Kelly and Bloomberg: Dispute or Charade?
      May 28, 2007
      Are Police Commissioner Ray Kelly and Mayor Michael Bloomberg in dispute
        over the city’s labor practice of  “pattern bargaining,” or
        is theirs an orchestrated charade? 
      In an extraordinary moment at a city council hearing this week, Kelly
        suggested the city end its most cherished, century-old labor practice — through
        which it has kept its municipal unions hitched to each other by forcing
        them all to accept similar contract terms. 
      Bloomberg immediately scotched Kelly’s idea.
      Undeterred, Kelly days later allowed the NYPD’s Chief of Personnel
        Rafael Pineiro to announce that the next recruiting class numbered 800 — two-thirds
        short of the department’s goal of 2,400 officers.
      Everyone in New York City agrees on the reason for this shortfall: the
        failure of the city and the Patrolmen’s Benevolent Association
        to come to a contract agreement. The result was an arbitration panel
        that cut rookie salaries 27 per cent to $25,100.
      Unless the stalemate is resolved in a new contract, Pineiro said, the
        following class will be even smaller.
      Would Pineiro — who hasn’t been seen or heard from in years — have
        made such remarks without Kelly’s blessing? Any more than Kelly
        would have called for an end to pattern bargaining without the mayor’s
        blessing?
      Those who know Kelly say he is too canny and disciplined to publicly
        disagree with the mayor — who has literally allowed him to run
        the department with no accountability — unless the disagreement
        is pre-arranged. 
      (The sole exception has been Kelly’s criticism of Rudy Giuliani
        for his role in 9/11, which Bloomberg also immediately scotched. But
        considering Bloomberg’s apparent presidential ambitions, one might
        dare to think that even Kelly’s criticism of Rudy was pre-arranged.)

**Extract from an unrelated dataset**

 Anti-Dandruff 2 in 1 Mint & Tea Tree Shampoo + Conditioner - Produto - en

      So why is Kelly doing this? Is he trying to curry favor with the police
        unions because — guess what? — he really may want to run
        for mayor? Which he cannot do without Bloomberg’s backing, financial
        and otherwise.
      Is he protecting his legacy, should crime spike, by pointing to the
        lack of cops — and not the lack of his own policies?

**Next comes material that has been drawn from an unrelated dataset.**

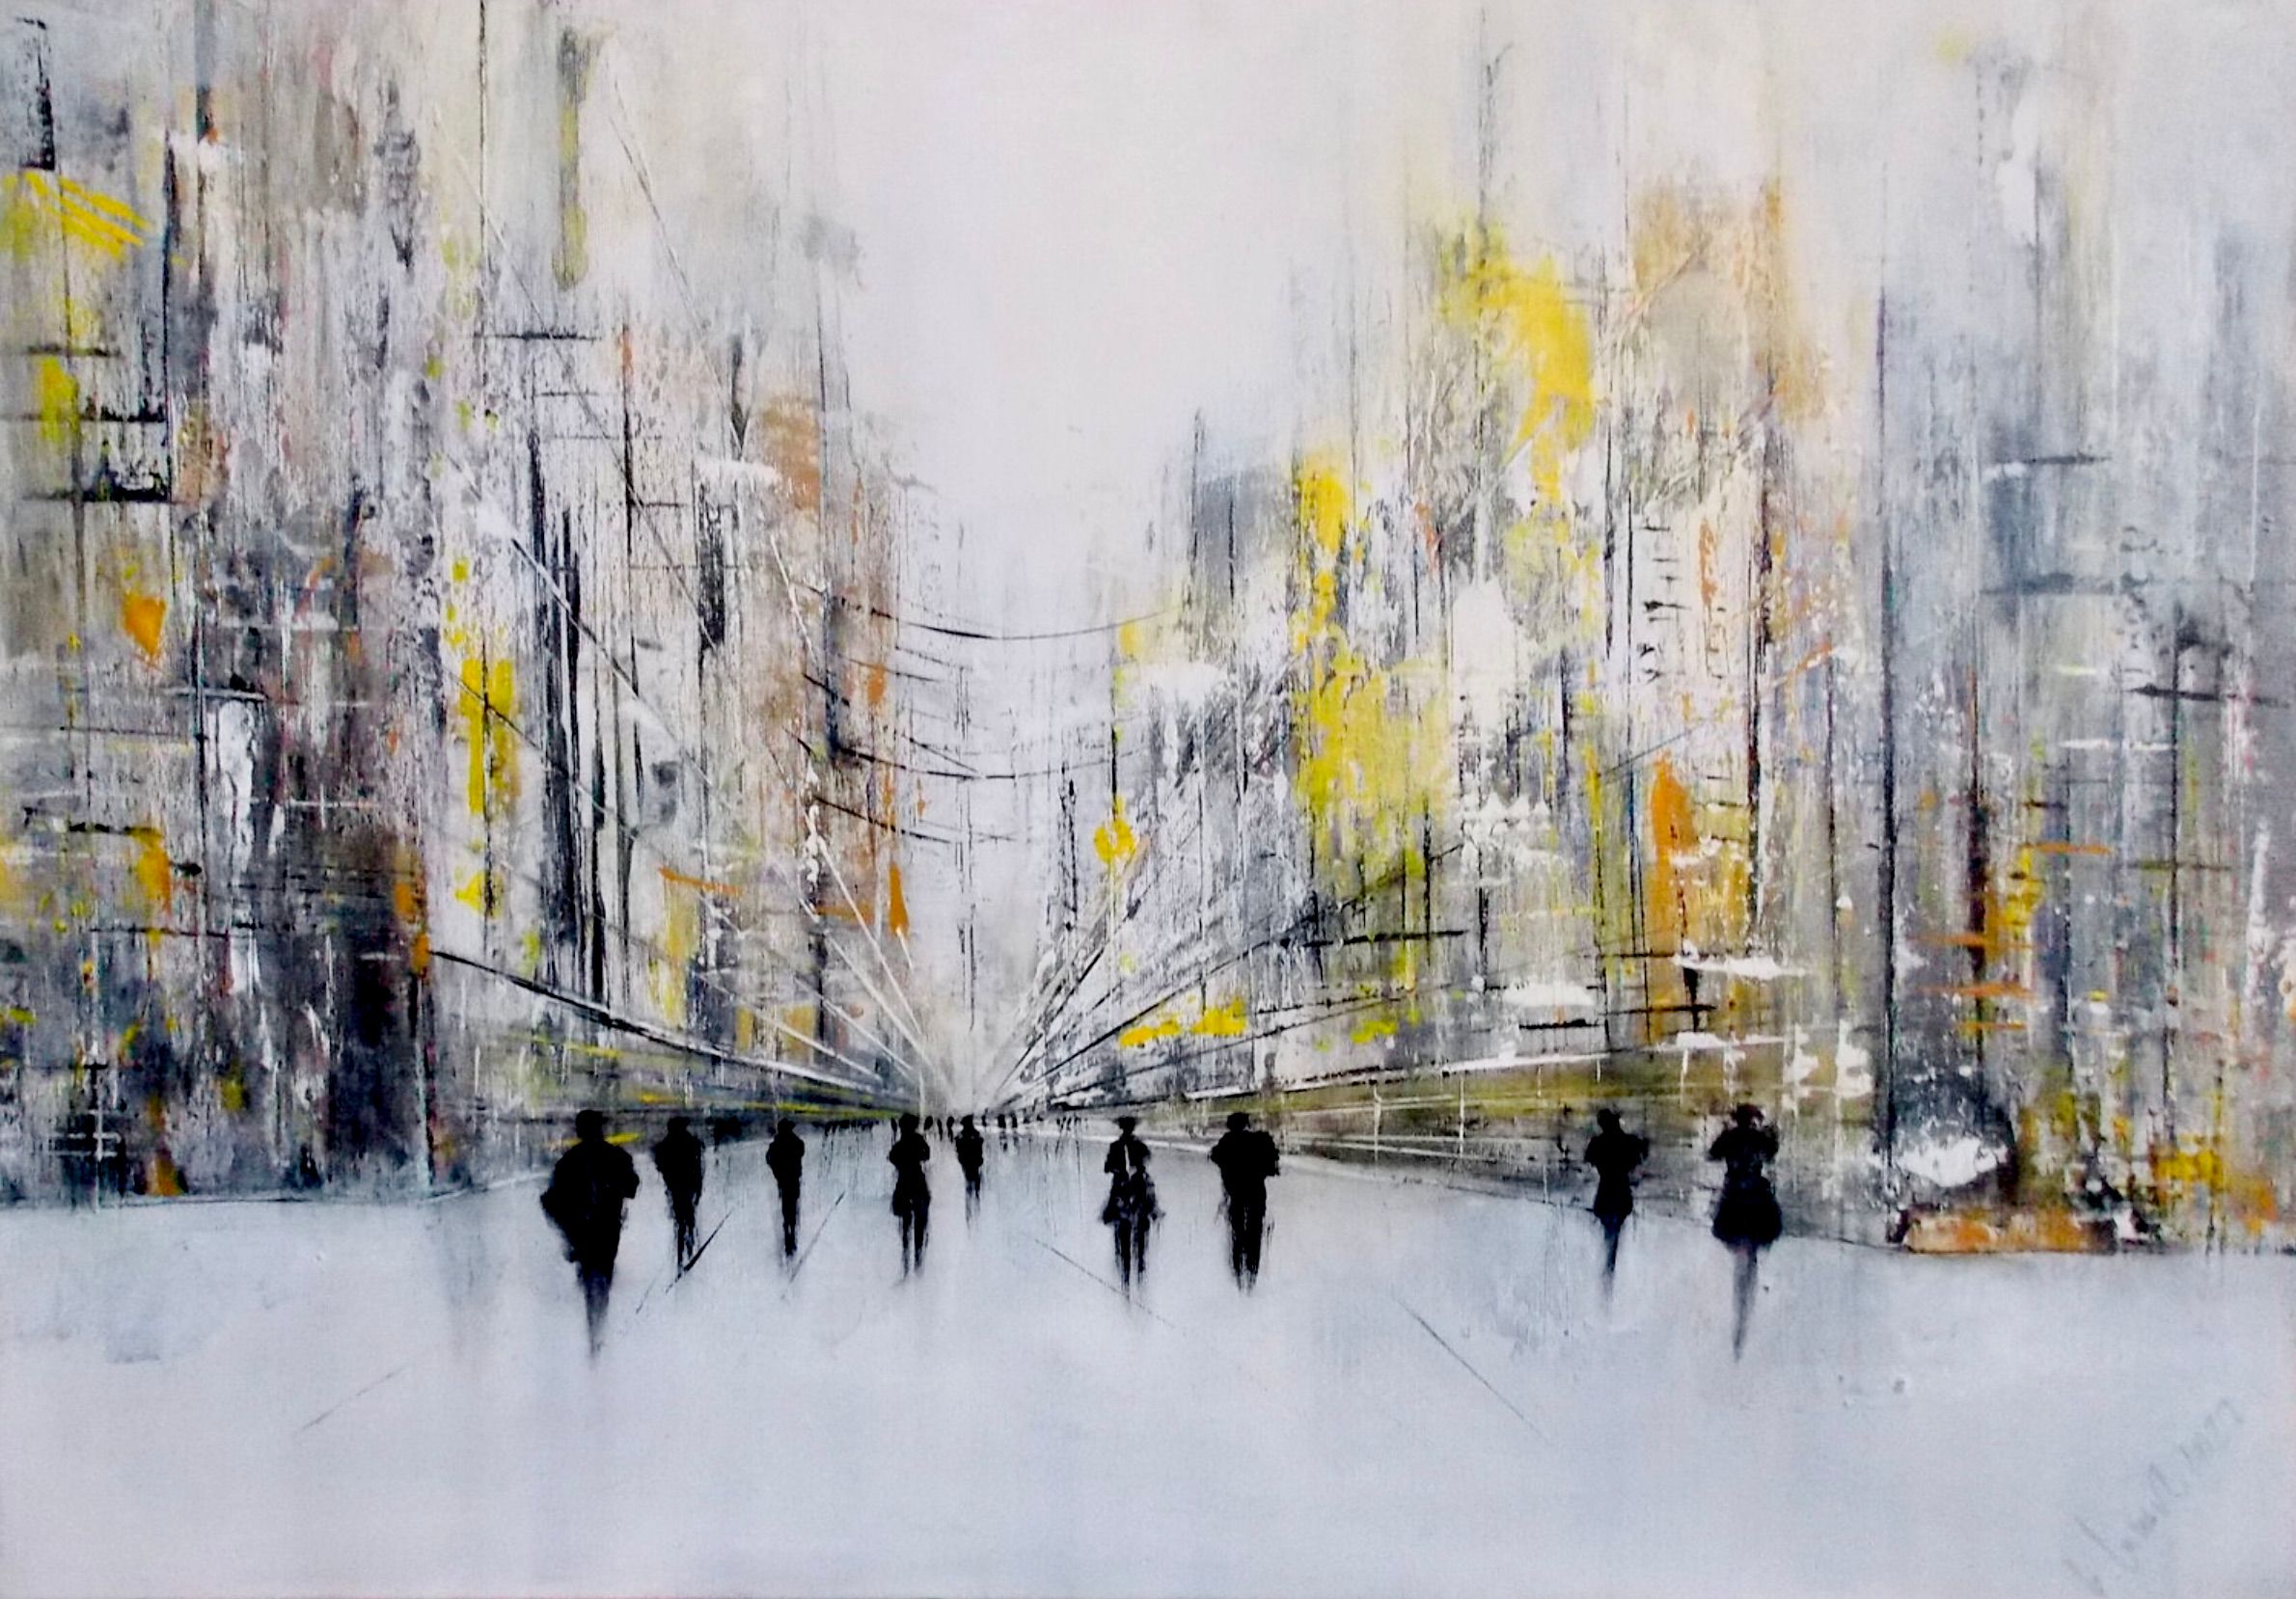 Cityscape 4" de Christa Haack Este cuadro abstracto metropolitano muestra siluetas de personas frente a un ambiente urbano. Es casi un cuadro en blanco y negro con los colores adicionales amarillo y naranja.

       Finally, there are whispers Bloomberg may offer a rookie bonus so that
        the mayor, not Lynch, gets the credit, because the bonus would be paid
        outside the collective bargaining process. 
      That means the PBA will have to sue to rescind it. Think about that:
        the PBA suing the city to take money out of cops’ pockets. If that
        doesn’t put PBA President Pat Lynch behind the eight-ball, what
        will?
      
       
        Life is Unfair Department. Now, a personal example
          to show the randomness in pay scale differences between city cops and
          their Long Island brethren, who earn nearly twice as much.
      In 1983, New York Newsday opened its police bureau at One Police Plaza.
        The year before — over this same Memorial Day weekend — five
        black men from Brooklyn drove out to Long Island, and in two separate
        incidents — first, in a diner in Old Westbury, second, inside a
        home in Plainview — raped and terrorized a score of women at gun-point
        as their husbands and boyfriends stood helplessly by. 
      The men were captured and, in response to this true suburban nightmare,
        Newsday began a year-long investigation into crime on Long Island. When
        the project was ready, the editors sought to include a comparable story
        on crime in New York City. 
      With the assistance of Inspector Robert Burke of the Public Information
        Office, Lieut. Herbie Hohmann, Det. Frank Shea, and Your Humble Servant
        spent a revelatory week in the 75th precinct in Brownsville/ East New
        York. It turned out there was more crime in that precinct in one month
        than there was on Long Island for the entire year.